Dylan and Maria catch glimpses of individual wolves through the thick trees, identifying the alpha male, the former alpha female, and 1341F.

I feel bad that I cannot reach my friends, though, so around 9AM I set off west, radioing several times. At Curve, I finally get a response. They have been watching the Rescue Pack at Elk Creek.

I give them my update and head there to join them.

The Rescue pack killed a bull elk today, too it is hidden in the forest, but they could be seen earlier tugging on it. And I get a surprise; 1048M is with them!

Im too late to see any Rescue wolves; they have already moved downhill to a bedding spot somewhere out of sight.

We go back to Footbridge and find several Junctions are still in view through the trees. A few pups move about restlessly. I see a bedded gray, and watch the former alpha female move from one bedding spot to another.

Around noon we head in, agreeing to come back out this evening since they are so close!

We return to Footbridge at 3:20 in a balmy 25 degrees. It feels odd to not be cold for once!

The Junctions have just moved west, so we go to Hitching Post, scoping from the lot, while the crew heads out to the rolling hills.

Laurie finds wolves quickly on the west shoulder of Norris. The pack is spread out. Several grays are visible in the line of cottonwoods above the Creek, the same place I first saw them this morning.

A few wolves are reported to be feeding on the carcass again, visible from the road. Others have moved south and rest on a snow-covered hill. The howling starts up again, and continues, on and off, for the next hour.

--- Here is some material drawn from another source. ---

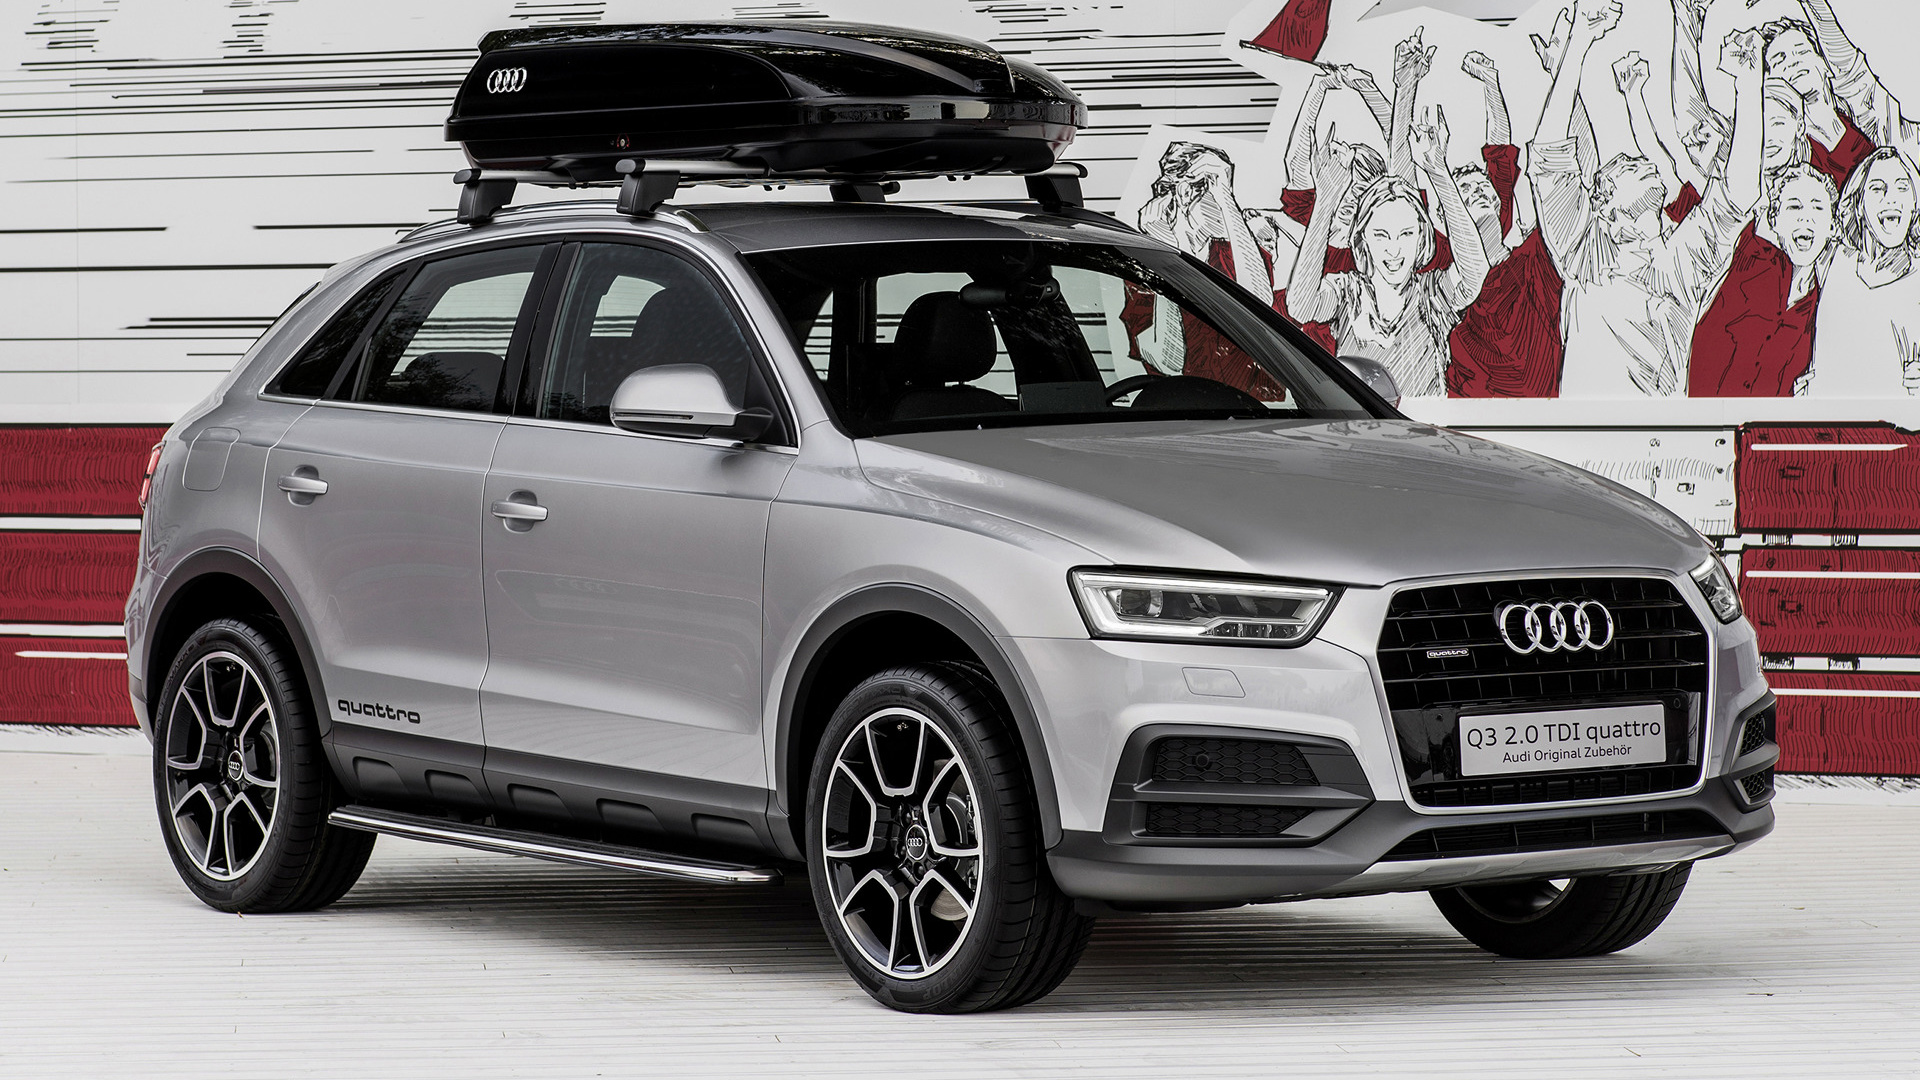 2015 Audi Q3 with Genuine Accessories - Wallpapers and HD Images
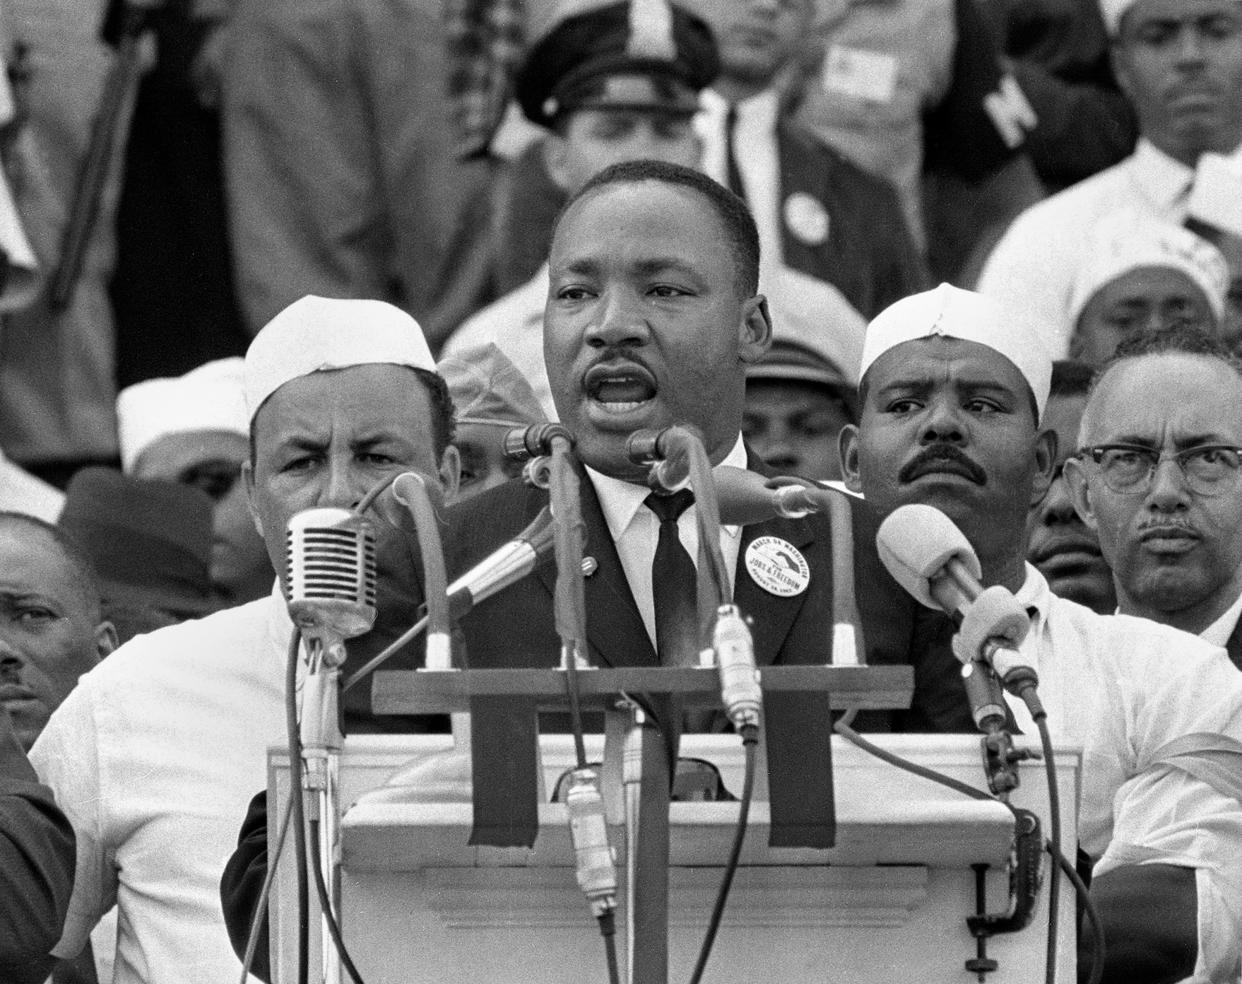 In this Aug. 28, 1963 file photo, Dr. Martin Luther King Jr. addresses marchers during his "I Have a Dream" speech at the Lincoln Memorial in Washington.

I see a total of 20, Laurie gets 23. We figure out that 907 is one of the grays bedded near the cottonwoods, and that 1276 is one of the blacks howling at skyline on the snow-covered hill.

I still hear at least one voice coming from somewhere on DPH. I search that hill and find sheep up at skyline. I never do find the howler.

Laurie finds 1229 later to the south, traveling from one bedded group over to where 1276 is bedded. She can never sit still, that one!

We also see the former alpha female, in a spot by herself.

As we start to lose the light we drive over to peek at the carcass. There is a black pup tugging on it. He/she breaks off a still pink rib bone and carries it into the brush.

Today I saw: bison, coyote, elk, bighorn sheep, 21 Junction wolves and the spirits of Allison, Richard and Jeff.